Obviously, these not people to be trifled with. The 2017 Africa Cup of Nations has given me another chance to indulge in the pleasurable pastime of listening to the national anthems of the participating nations – and finding about what it is that the players and their fans are singing with so much depth of feeling. There is a menu of 16 national anthems in Gabon before early flights are boarded.

Pick your favourites and I pick mine; on this one, the scores are even. But I can’t resist drawing your attention to some that I have really liked – and others that I haven’t.

HUGE LOSS

I have only just discovered that Burkina Faso’s anthem was written by its assassinated revolutionary leader, Capt. Thomas Sankara. I know that Sankara used to surprise his compatriots by playing the guitar during their nightly version of KBC’s Late Date but I didn’t know that he was such a good song writer! This is the young paratrooper who changed Upper Volta’s name to Burkina Faso, which means the Land of Upright Men and as everybody who knew him said, he was every inch an upright man. He was incorruptible. Of the anthems in Gabon, I rank Burkina Faso’s as my number one.

It is followed very closely by one written by yet another assassinated leader, Amilcar Cabral of Guinea Bissau. Either I like the lyrics too much or I am already biased because since reading his book, “Return to the Source”, he has remained one of my heroes.

Like Sankara, I think his death was a huge loss to the African continent. To the anthems I like, add Egypt’s and Senegal’s. Egypt’s is an ode to the homeland, very beautiful, while it is not surprising that Senegal’s was written by its first president, Leopold Sedar Senghor. He was one of Africa’s finest poets. I like its melodious second part better, although it ends as soon as it starts.

So much for those. I have no idea why our good neighbours, the Cranes have for their country the world’s shortest national anthem. People who are the source of the world’s longest river have that little to say about themselves? Puzzling. Sometimes they sing that stanza twice just to lengthen it. At any rate, it just comes out bland.

Zimbabwe’s is a plain song that reminds you of sitting in a church during a funeral. They did away with God Bless Africa, widely adopted by Southern Africa’s countries and they are the poorer for it.
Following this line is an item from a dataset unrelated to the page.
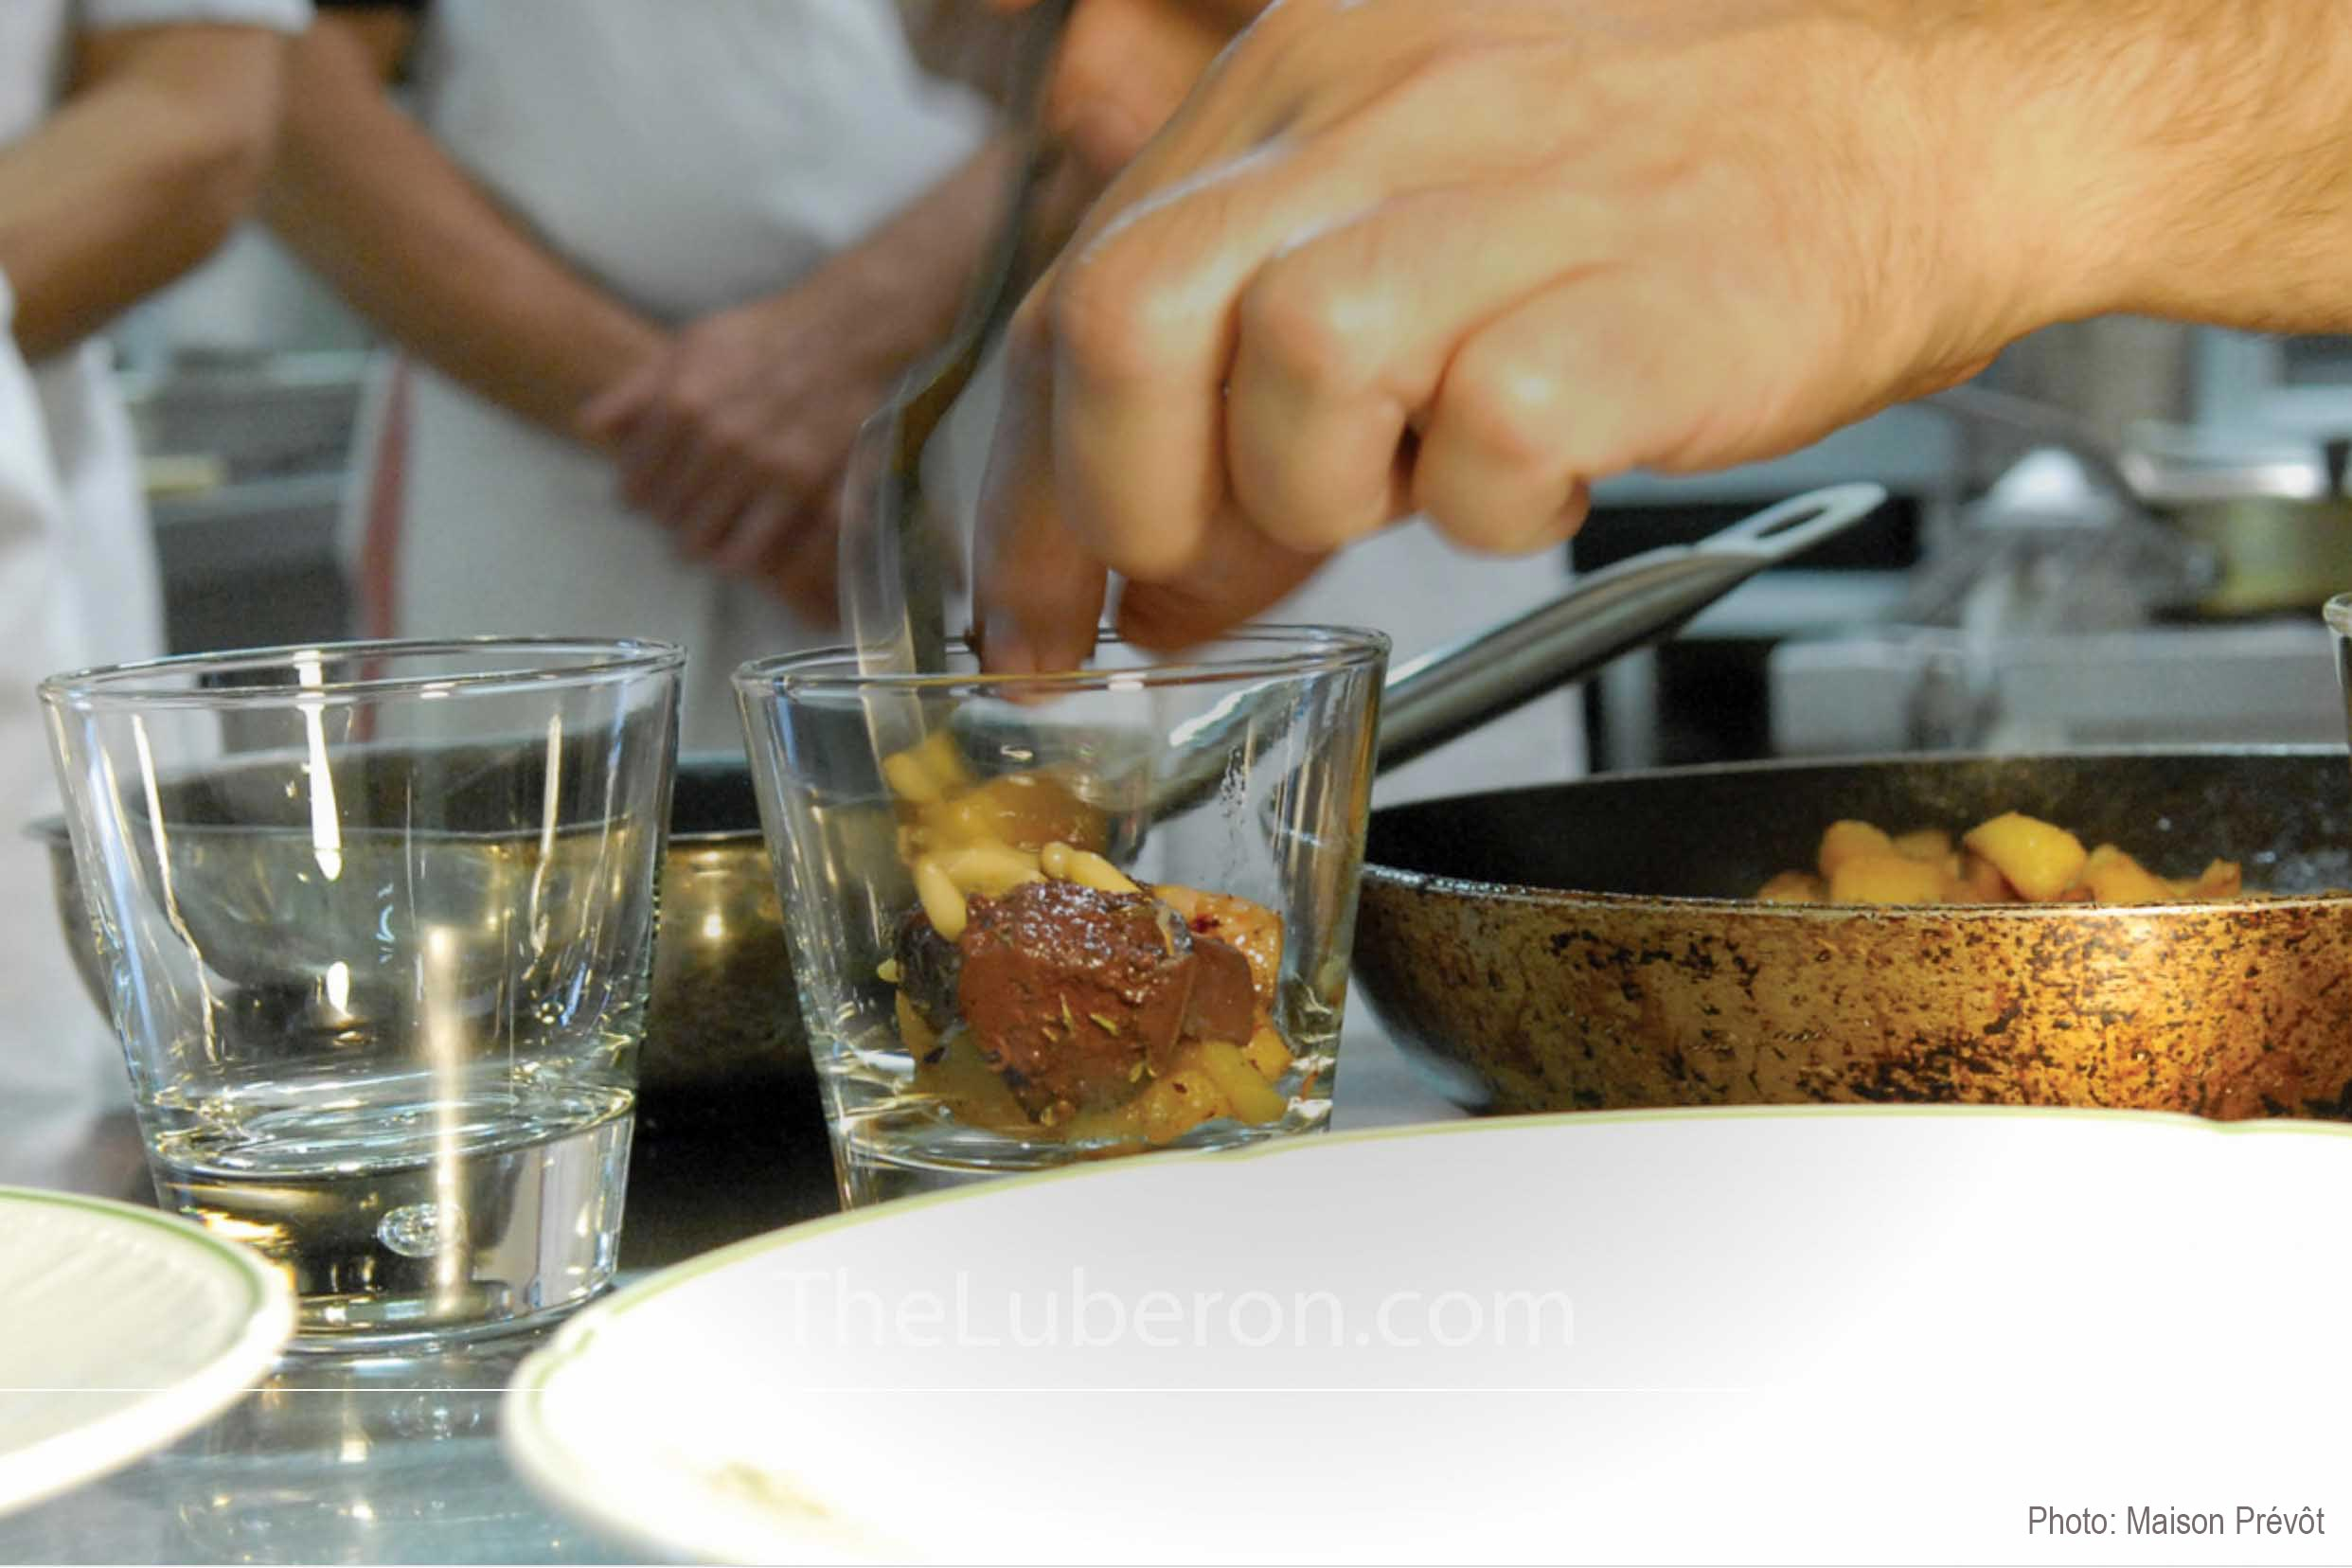 Cookery class at Maison Prévot

I have noticed that a recurring theme in the anthems of Eastern and Southern African countries is prayers for prosperity for the people.
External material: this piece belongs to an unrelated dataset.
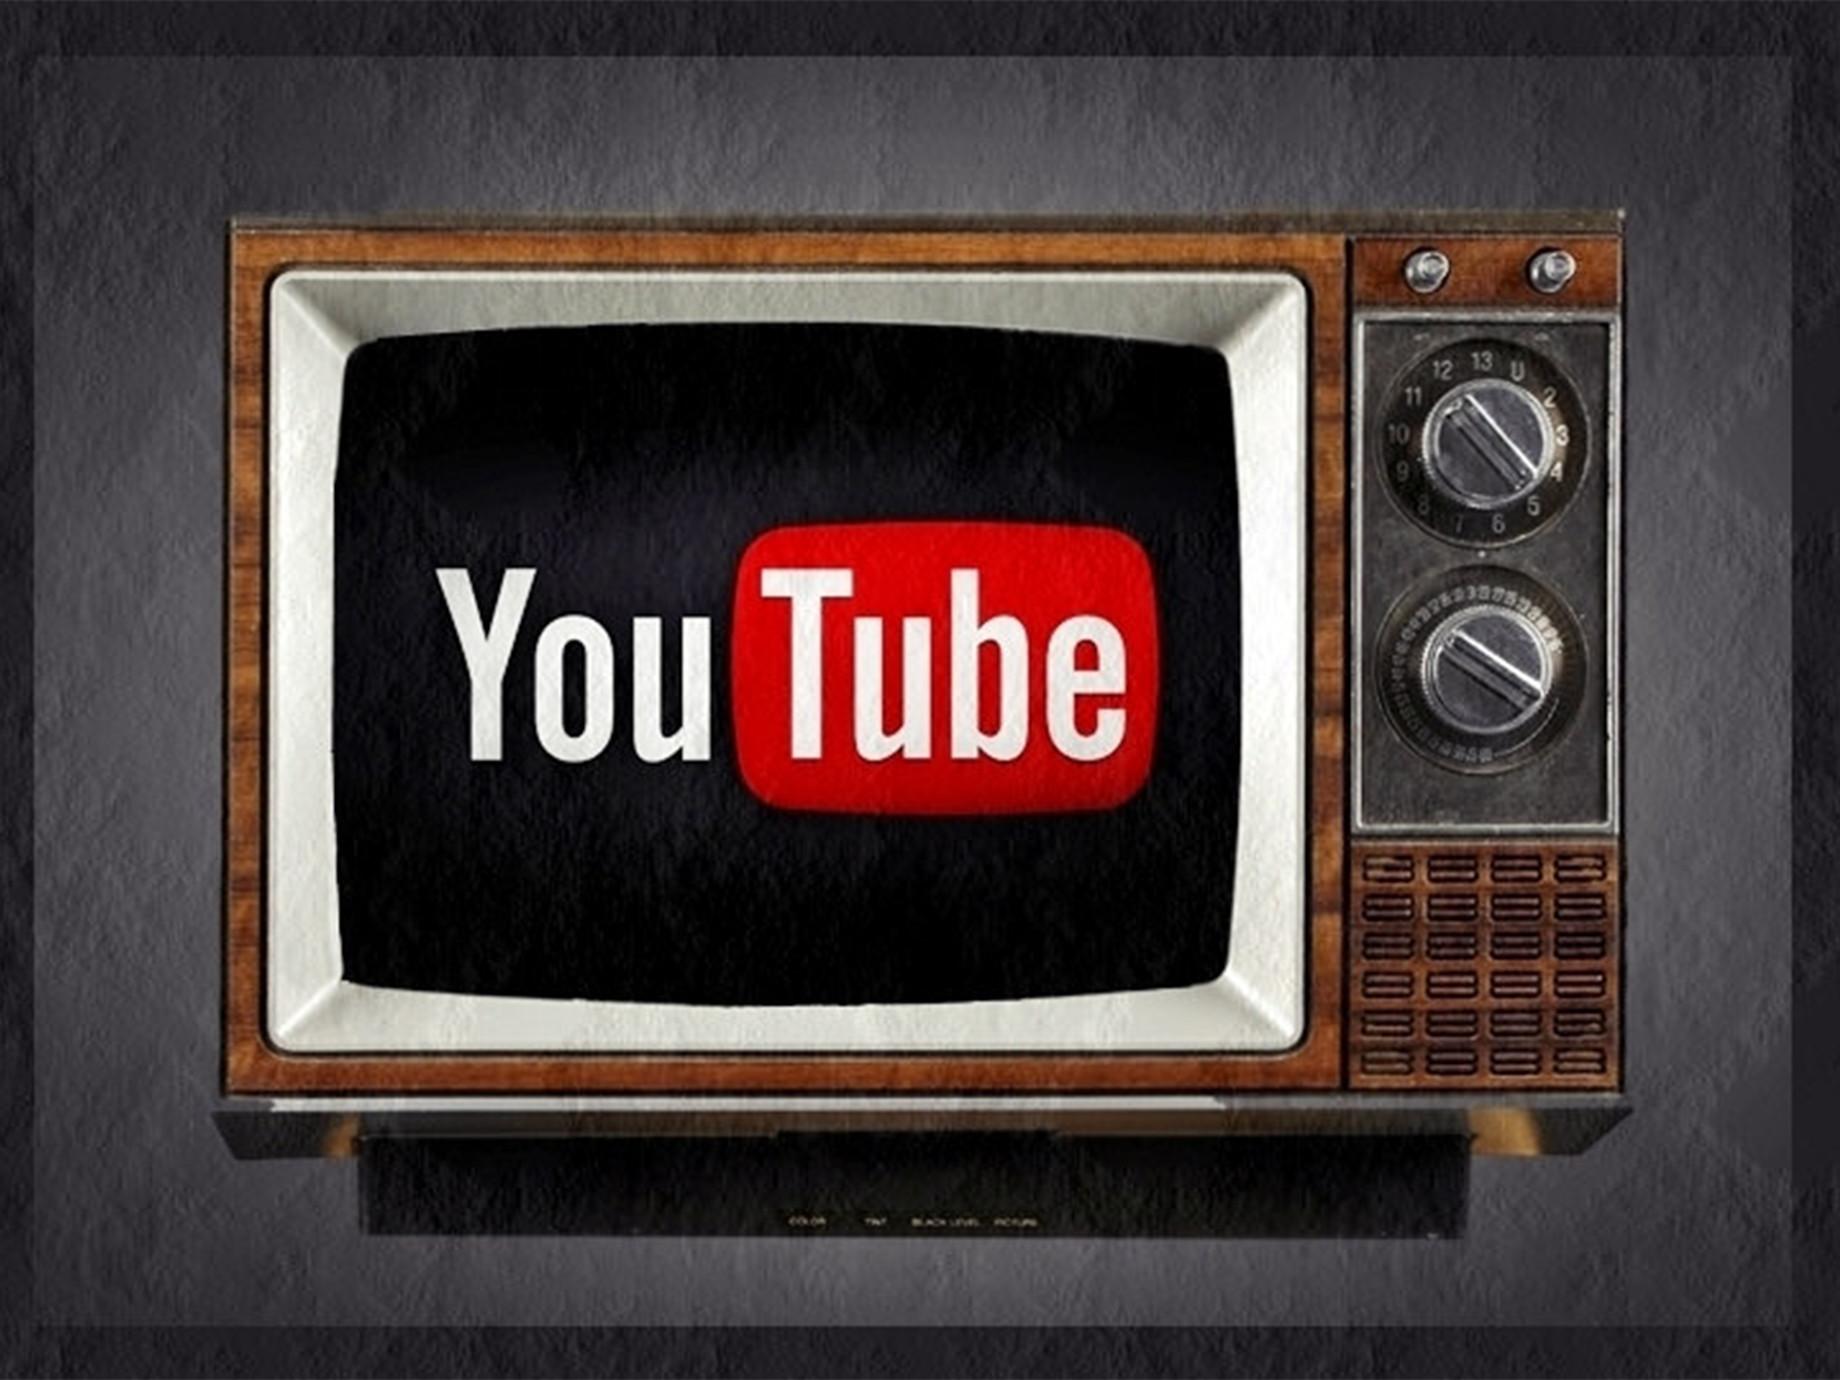 Youtube每日觀看時數破10億,新推TV功能將電視節目搬上線

Kenya is a market leader on this one. There is no doubt that ours is a very touching prayer and floating on the wings of that Pokomo lullaby, it is both strong and sweet. But it has not taken us to the Africa Cup of Nations since 2004 and the outlook still looks gloomy even with this searing January heat with its cloudless skies.

The predominant theme in the anthems of North African countries is a fierce pride and loyalty to their countries, as in the robust case of Algeria while West African nations lead in remembering their ancestors. Cameroon’s anthem, for instance, is called O Cameroon, Cradle of our Forefathers while Togo’s is called Land of our Forefathers.

“Knowledge and truth our forefathers spread/Mighty the nations whom they led/Mighty they made thee, so too may we/Show forth the good that is ever in thee,” so goes a verse in Sierra Leone’s national anthem.

And this is the opening verse of Guinea Bissau’s: “Sun, sweat, verdure, and sea/Centuries of pain and hope/This is the land of our ancestors. /Fruit of our hands/Of the flower of our blood:/This is our beloved country.” 

The only African national anthem that gives me an earworm, March Forward, Dear Mother Ethiopia, is not in Gabon. I don’t know what it does with my ecosystem but I can’t seem to have enough of it.

I play it over and over, each time promising myself that this is the last time. I have played it uncountable last times.

And it doesn’t matter whether it is the instrumental version or its any group of people singing it.

I alternate between the two. In the end I am left with a saturated head with a self-repeating tape recorder playing inside. In fact, after tapping the “send” button to dispatch this story to the Editor, I will unwind with it.

Does Peter Kareithi still think Kenya’s is the best national anthem? How come I am hearing a different sound in my head?